ASSIGNMENT: Copy the listing exactly, leaving out every picture.

DATA EXCERPT:
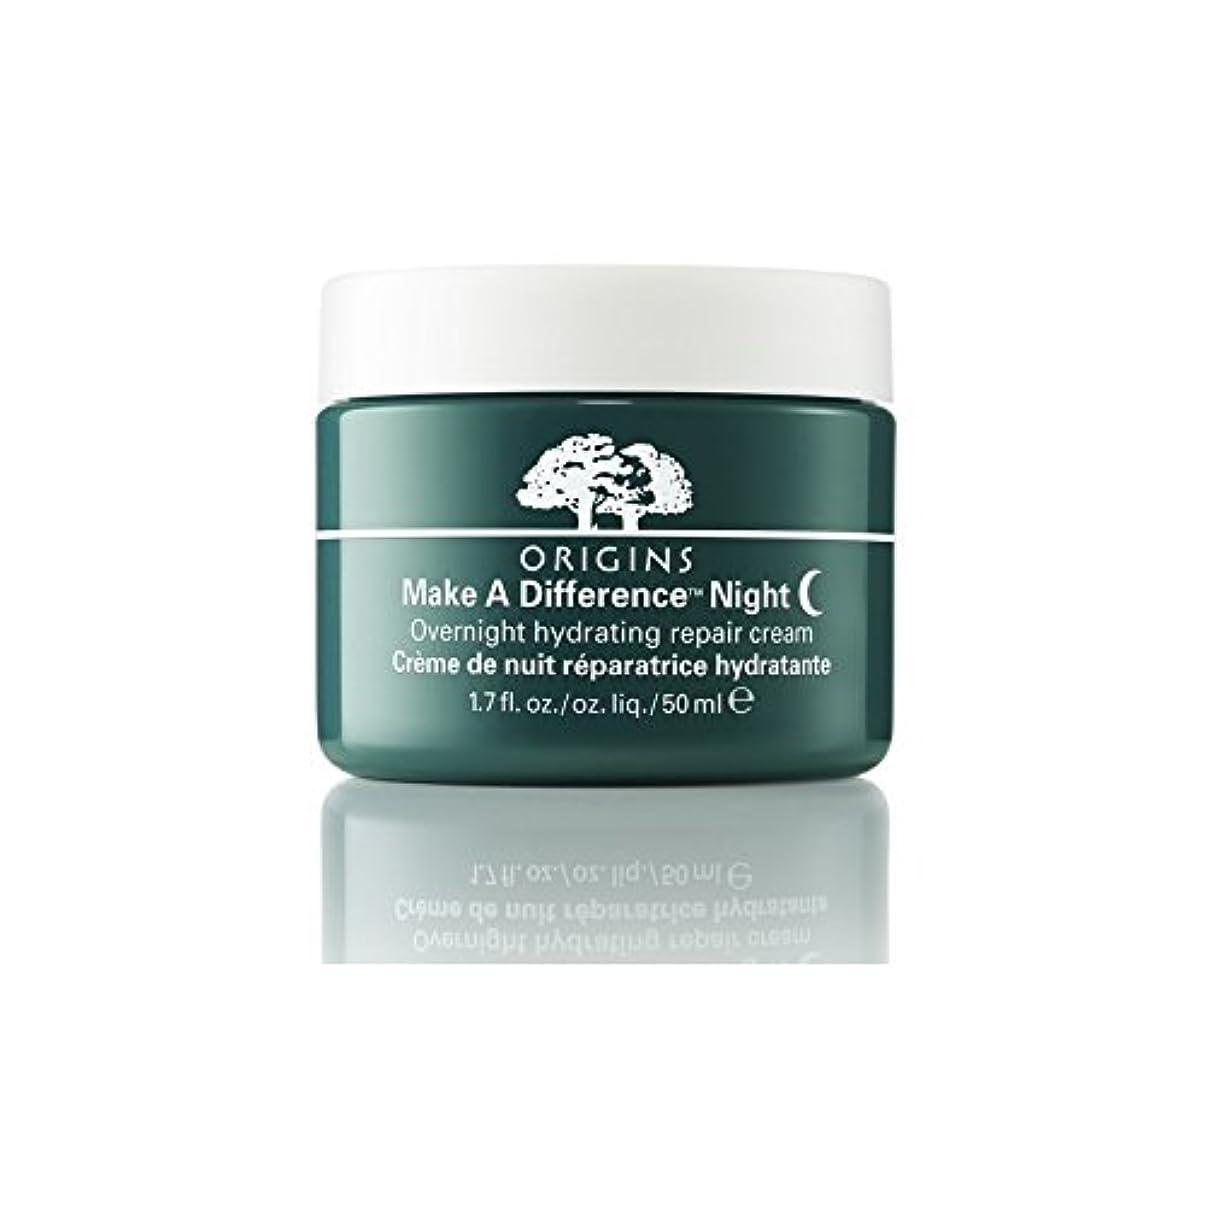 ドル抽象クラシカルOrigins Make A Difference Overnight Hydrating Repair Cream 50ml (Pack of 6) - 起源は違い、一晩水和リペアクリーム50ミリリットルを作ります x6...
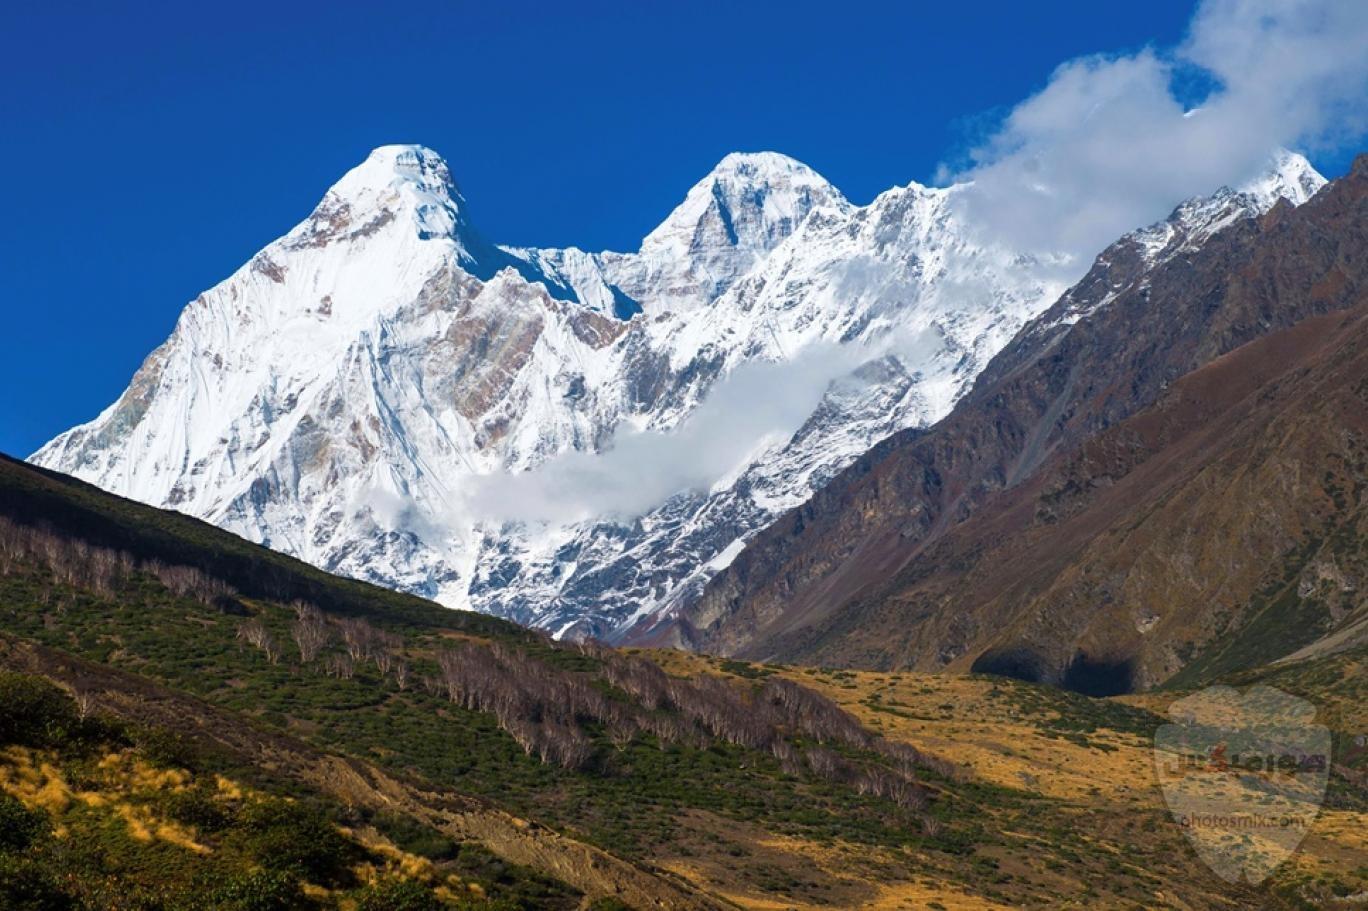 خلفيات جبال وشلالات 2020 مناظر طبيعية بالصور 5
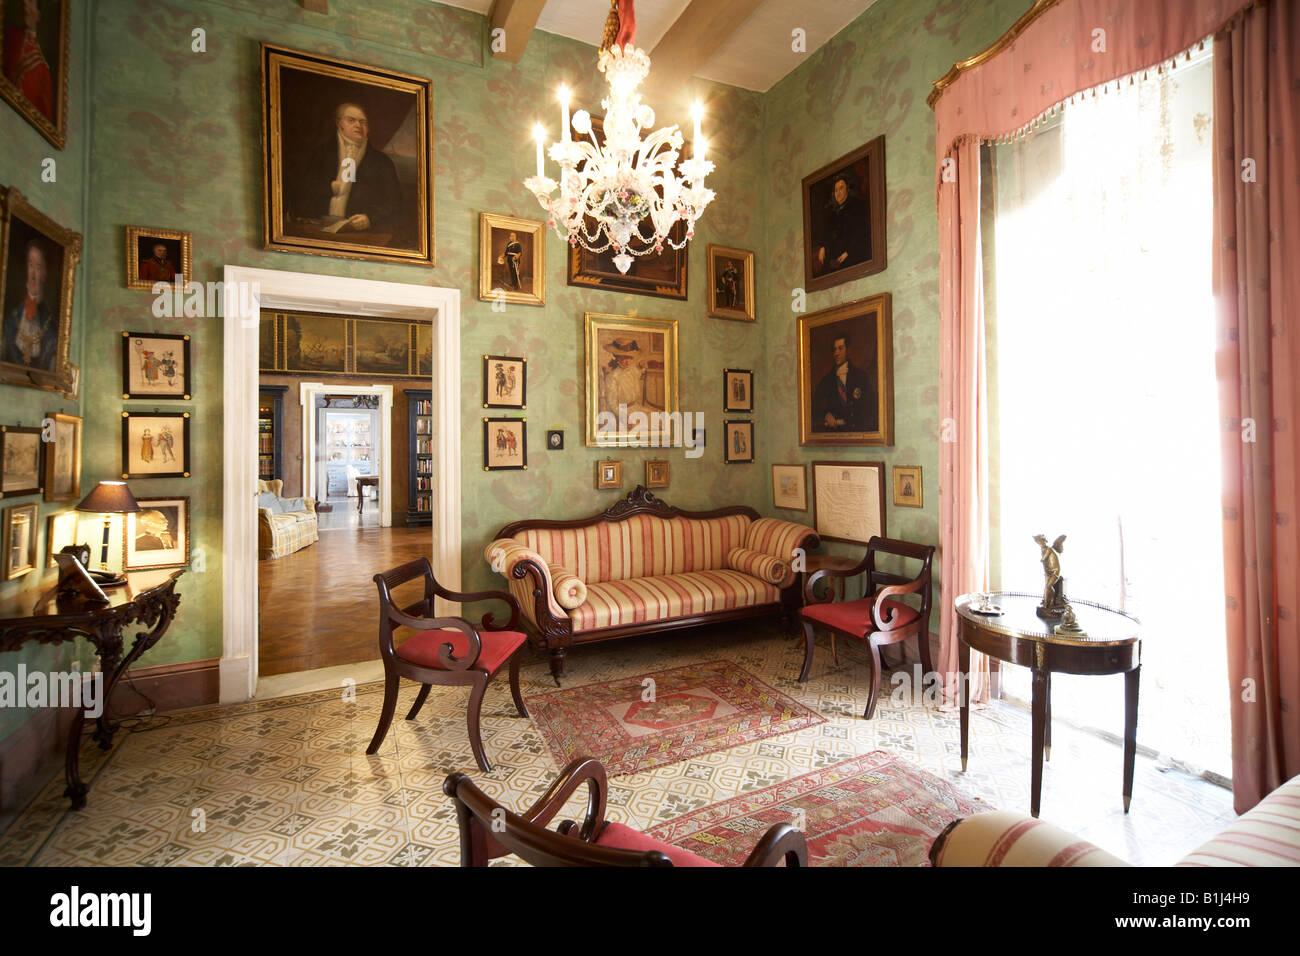 La camera verde in casa rocca piccola storico grand 16c for Piani di piccola casa verde
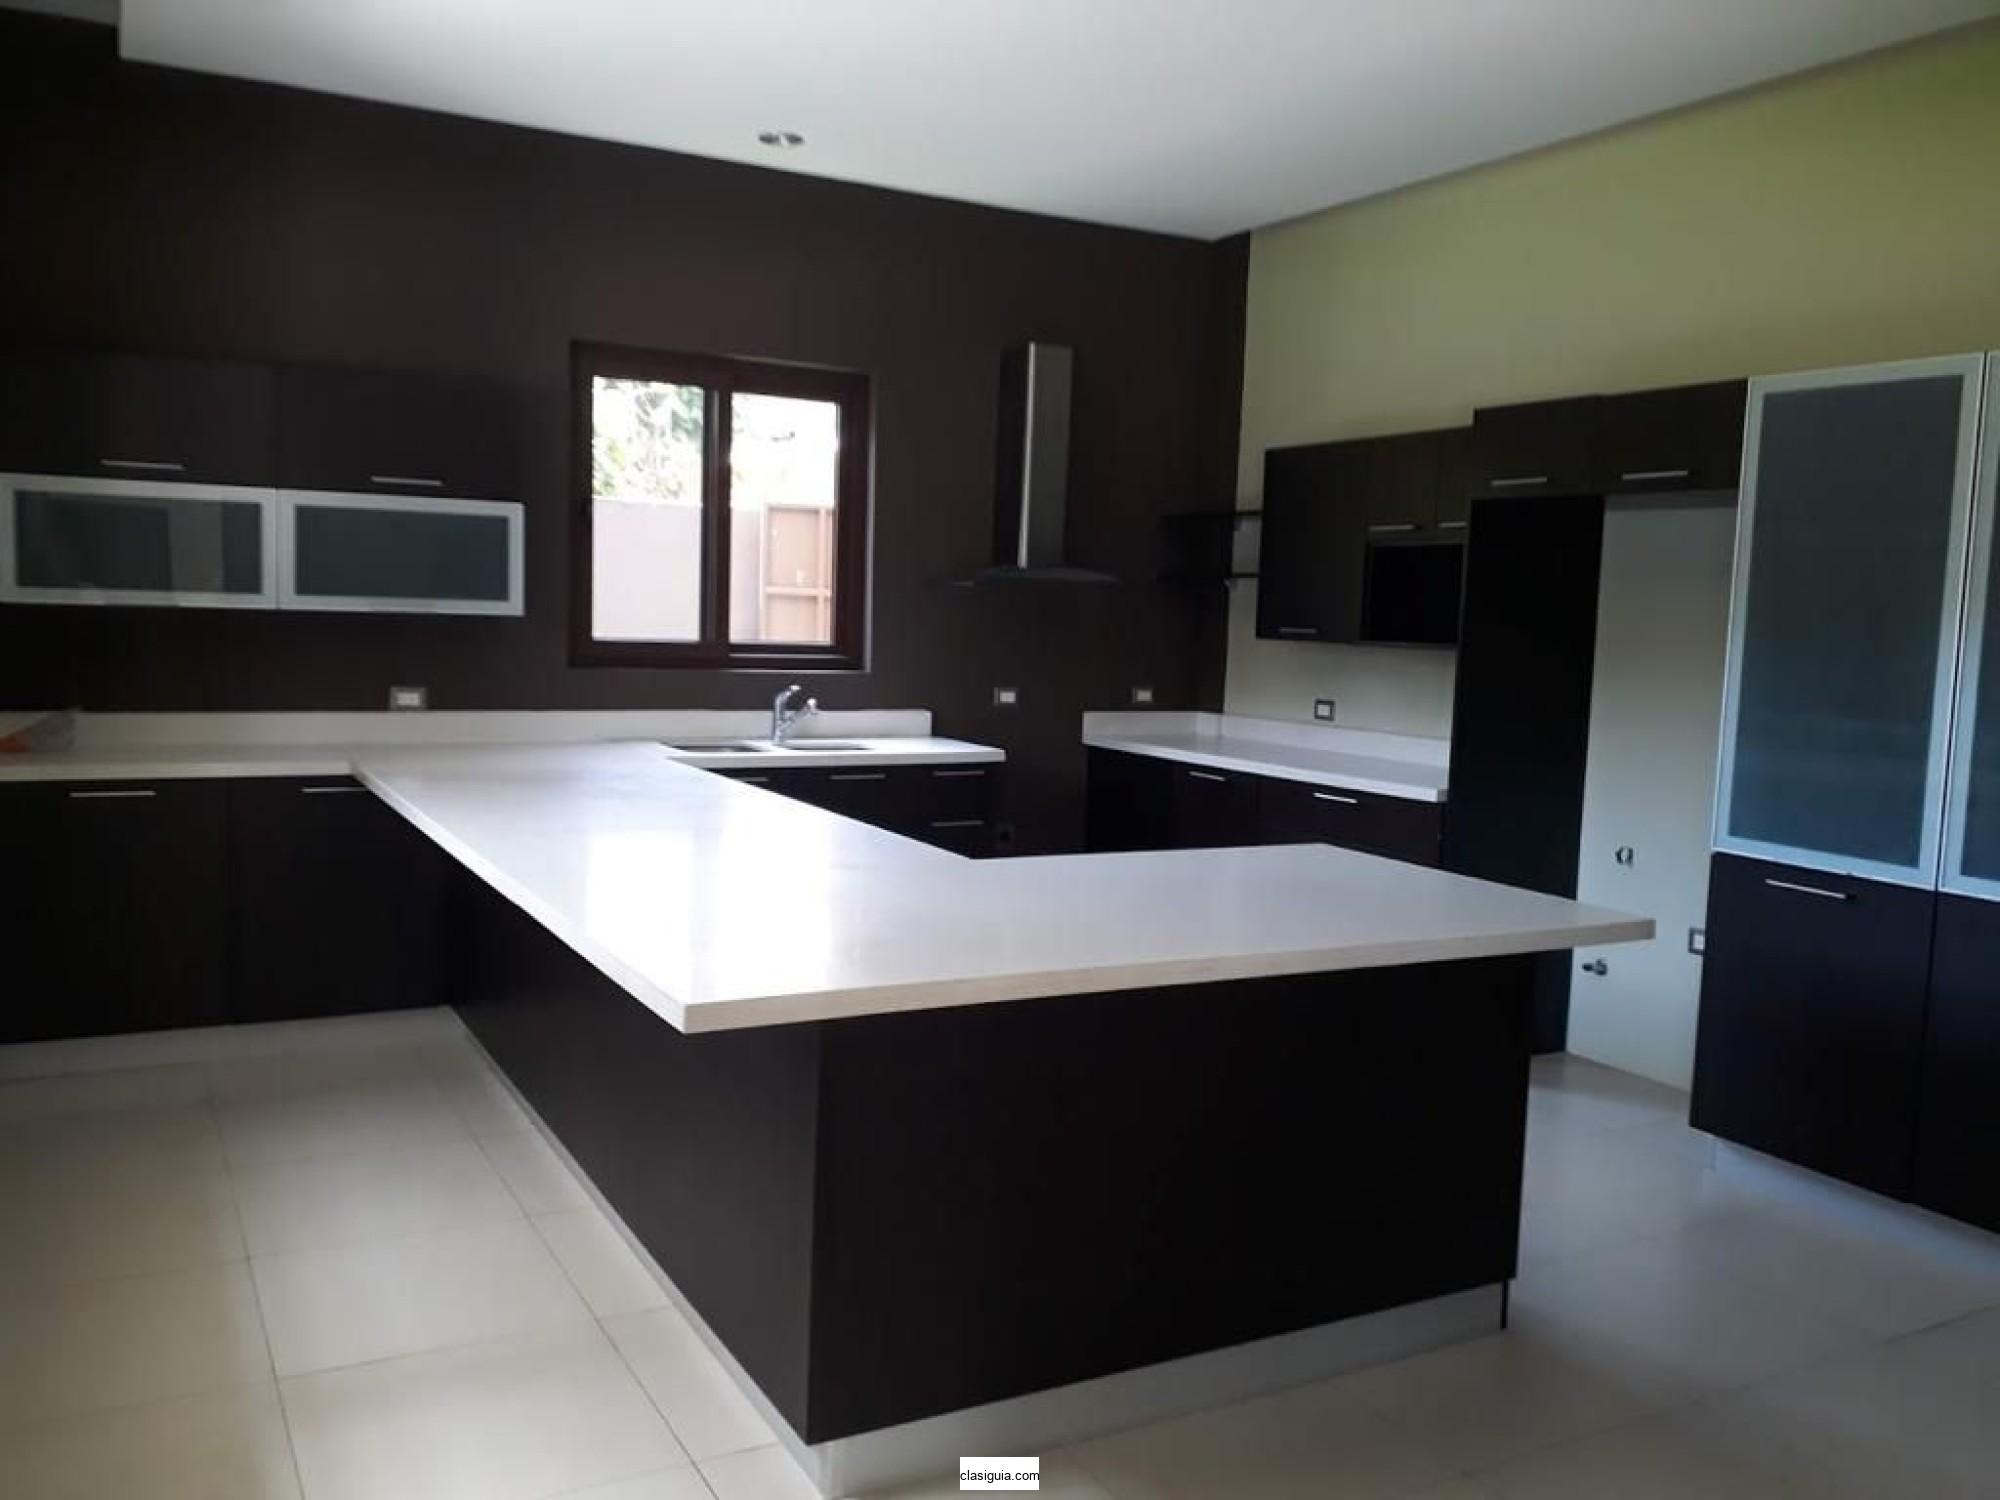 SE VENDE CASA RESIDENCIAL LA MONTAÑA, PRIVADO, MODERNA, Área de terreno 1,550 v2, Área de construcción 600 m2, Construida en 2016

YOUR SOLUTION:
 ドル抽象クラシカルOrigins Make A Difference Overnight Hydrating Repair Cream 50ml (Pack of 6) - 起源は違い、一晩水和リペアクリーム50ミリリットルを作ります x6...
 خلفيات جبال وشلالات 2020 مناظر طبيعية بالصور 5
 La camera verde in casa rocca piccola storico grand 16c for Piani di piccola casa verde
 SE VENDE CASA RESIDENCIAL LA MONTAÑA, PRIVADO, MODERNA, Área de terreno 1,550 v2, Área de construcción 600 m2, Construida en 2016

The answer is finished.